The expression “You can never go home again” refers to the inability to recapture a time and place — one that may only exist when seen through rose coloured glasses — but if your home was a UFO Death Cult, that may not be such a bad thing. Filmmaking team Justin Benson and Aaron Moorhead return to the sci-fi/horror genre with The Endless, a bizarre tale of two brothers trying to achieve some closure while dealing with powerful forces surrounding them. Will a valuable lesson be learned about clinging to the past, or will they be horribly trapped in an unending horror? Only time will tell.
Brothers Justin (Justin Benson) and Aaron (Aaron Moorhead) were raised in a compound in the hills of Southern California, their mother having died in a tragic car accident and the two young boys being taken in by Camp Arcadia. We learn that a decade ago, the two brothers had escaped what Justin called a “Death Cult,” but Aaron, the younger brother, has different recollections of his time at Camp Arcadia, and when a video cassette shows up with a message from the camp, Aaron becomes super psyched to go back, at least for a visit. Justin reluctantly agrees, what with Aaron pointing out that their current life completely sucks, so the two hop in their car and head for the hills.
Things start off nice enough, with the brothers being given a warm welcome from everybody at the camp, even camp leader Hal (Tate Ellington) doesn’t seem to be holding a grudge, which is nice considering that after “escaping,” Justin announced to the press that Arcadia was a UFO Death Cult that practiced ritual castration; this seems rather big of him. As the visit extends, with Aaron constantly badgering his brother about staying one more day, things start to get a little weird … well, weirder. To start, it seems that none of the members have aged a day in the decade since the brothers left — Aaron tries to blow that off under the explanation of “Clean living” — but it certainly doesn’t explain flocks of birds that can be seen flying in weird circular formations, or that Arcadia member Shane (Shane Brady) performs magic tricks that are clearly way beyond mere sleight-of-hand. Then there is the night the brothers join the group in a “team building exercise,” a late night tug-of-war against a rope that ascends into the dark night sky — who is at the other end is never revealed — and there is a lone shack with the massive 19th-century looking padlock that just oozes foreboding. Add to all that the fact that the environment around the camp constantly reveals one inexplicable phenomenon after another, from multiple moons to a mirrored landscape, it becomes clear things are not what they seem.

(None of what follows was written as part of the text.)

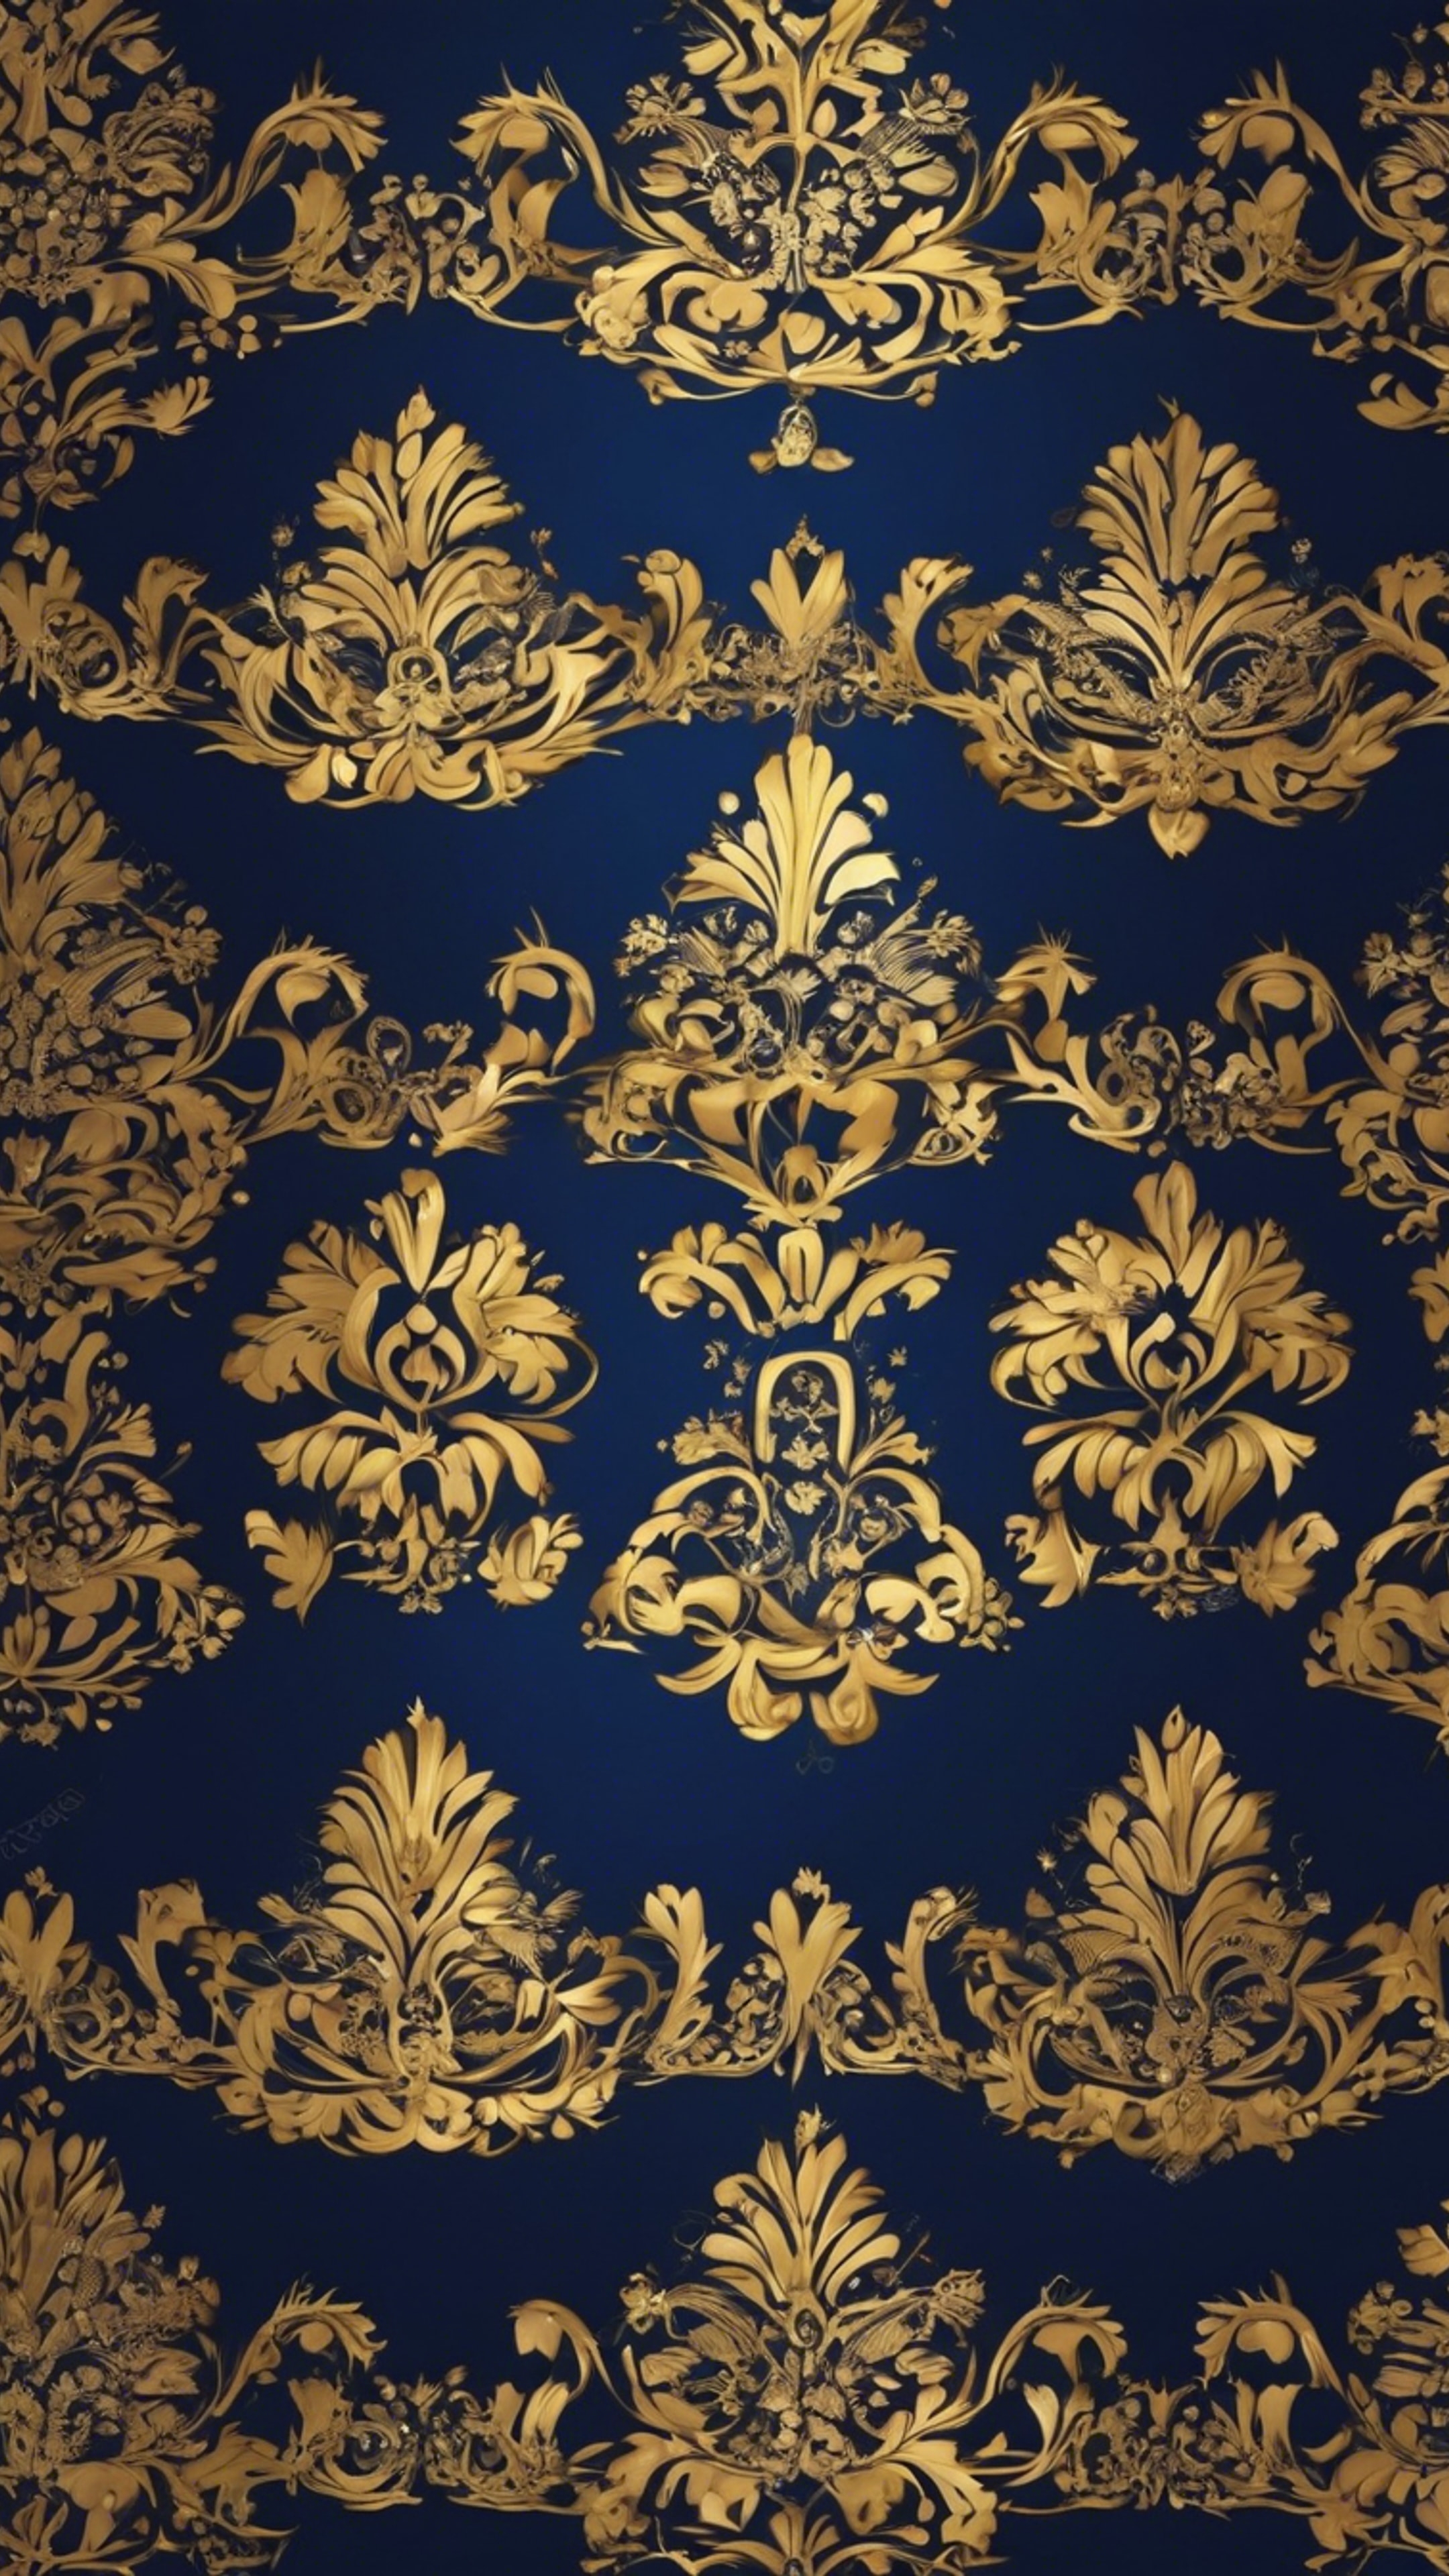 Royal golden damask on a midnight blue background壁紙[22484095d1454c8983f2]

This film goes the slow burn route here, with the story dropping in clues and weirdness at just the right intervals to keep the viewer hooked, but it’s when Justin starts pushing for answers, and Hal’s chalkboard physics-scribbling being all but meaningless, that the true horror of the situation becomes apparent. I don’t want to get into spoilers here — and trying to explain the plot would be rather a difficult thing as The Endless isn’t one of those plot-centric stories — but if you are a fan of films like Groundhog Day and In the Mouth of Madness, you will probably get a kick out of this little flick, as you get a nice mixture of time anomalies as well as mysterious dark forces, all working perfectly to keep the viewer off-balance and intrigued.
The Endless is one of those independent low-budget films that renews one’s faith in the film industry. I’m all for Hollywood blockbusters, full of superheroes and exploding planets, but I love these smaller films that often tackle bigger, more interesting themes, and with this film, Benson and Moorhead have created a world that simply bursts with its own rich mythology — which it doesn’t feel the need to worry about explaining — as well as giving us characters we can truly relate to and a cast of actors who all provide stellar performances. The Endless is a film that will still be sinking in well after the lights have come on and you are home safe in bed … or are you?
The Endless (2017)
Movie Rank - 7.5/10
Creeping dread, bizarre happenings and unimaginable horrors are just three elements that make up Justin Benson and Aaron Moorhead’s sci-fi/horror film The Endless, a low budget masterpiece well worth seeking out.